To do: From the data below, copy exactly the lines that lie between the one holding "maple syrup boiling in a skillet." and the one holding "Parts basket with perforated base – Justrite", including both, and nothing more.

Excerpts from a dataset:
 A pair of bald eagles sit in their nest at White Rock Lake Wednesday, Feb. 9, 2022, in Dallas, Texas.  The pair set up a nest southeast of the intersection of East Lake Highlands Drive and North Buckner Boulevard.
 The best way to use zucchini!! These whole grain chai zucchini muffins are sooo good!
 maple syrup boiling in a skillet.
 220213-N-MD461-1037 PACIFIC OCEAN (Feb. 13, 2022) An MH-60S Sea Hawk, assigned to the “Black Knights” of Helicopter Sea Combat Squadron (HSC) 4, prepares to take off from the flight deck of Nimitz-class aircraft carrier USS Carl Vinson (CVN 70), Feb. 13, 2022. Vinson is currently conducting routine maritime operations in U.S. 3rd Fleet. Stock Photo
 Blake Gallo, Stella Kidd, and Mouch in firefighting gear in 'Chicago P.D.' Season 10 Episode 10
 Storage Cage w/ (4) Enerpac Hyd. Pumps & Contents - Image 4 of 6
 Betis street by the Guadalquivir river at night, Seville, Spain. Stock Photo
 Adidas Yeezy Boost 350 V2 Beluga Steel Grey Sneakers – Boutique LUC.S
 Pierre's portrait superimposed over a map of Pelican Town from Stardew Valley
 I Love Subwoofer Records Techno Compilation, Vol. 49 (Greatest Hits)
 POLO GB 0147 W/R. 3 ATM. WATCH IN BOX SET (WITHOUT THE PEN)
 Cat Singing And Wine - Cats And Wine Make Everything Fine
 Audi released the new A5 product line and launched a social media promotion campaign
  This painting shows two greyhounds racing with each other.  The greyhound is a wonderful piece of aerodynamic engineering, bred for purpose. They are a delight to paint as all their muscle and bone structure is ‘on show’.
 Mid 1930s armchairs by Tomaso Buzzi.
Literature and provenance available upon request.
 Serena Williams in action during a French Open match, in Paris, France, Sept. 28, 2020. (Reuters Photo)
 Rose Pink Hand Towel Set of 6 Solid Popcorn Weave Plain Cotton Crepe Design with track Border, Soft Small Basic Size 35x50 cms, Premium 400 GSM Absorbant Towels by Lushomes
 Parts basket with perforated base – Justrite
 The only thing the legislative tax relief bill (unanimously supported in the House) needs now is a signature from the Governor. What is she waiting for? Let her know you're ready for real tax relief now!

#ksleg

Output:
 maple syrup boiling in a skillet.
 220213-N-MD461-1037 PACIFIC OCEAN (Feb. 13, 2022) An MH-60S Sea Hawk, assigned to the “Black Knights” of Helicopter Sea Combat Squadron (HSC) 4, prepares to take off from the flight deck of Nimitz-class aircraft carrier USS Carl Vinson (CVN 70), Feb. 13, 2022. Vinson is currently conducting routine maritime operations in U.S. 3rd Fleet. Stock Photo
 Blake Gallo, Stella Kidd, and Mouch in firefighting gear in 'Chicago P.D.' Season 10 Episode 10
 Storage Cage w/ (4) Enerpac Hyd. Pumps & Contents - Image 4 of 6
 Betis street by the Guadalquivir river at night, Seville, Spain. Stock Photo
 Adidas Yeezy Boost 350 V2 Beluga Steel Grey Sneakers – Boutique LUC.S
 Pierre's portrait superimposed over a map of Pelican Town from Stardew Valley
 I Love Subwoofer Records Techno Compilation, Vol. 49 (Greatest Hits)
 POLO GB 0147 W/R. 3 ATM. WATCH IN BOX SET (WITHOUT THE PEN)
 Cat Singing And Wine - Cats And Wine Make Everything Fine
 Audi released the new A5 product line and launched a social media promotion campaign
  This painting shows two greyhounds racing with each other.  The greyhound is a wonderful piece of aerodynamic engineering, bred for purpose. They are a delight to paint as all their muscle and bone structure is ‘on show’.
 Mid 1930s armchairs by Tomaso Buzzi.
Literature and provenance available upon request.
 Serena Williams in action during a French Open match, in Paris, France, Sept. 28, 2020. (Reuters Photo)
 Rose Pink Hand Towel Set of 6 Solid Popcorn Weave Plain Cotton Crepe Design with track Border, Soft Small Basic Size 35x50 cms, Premium 400 GSM Absorbant Towels by Lushomes
 Parts basket with perforated base – Justrite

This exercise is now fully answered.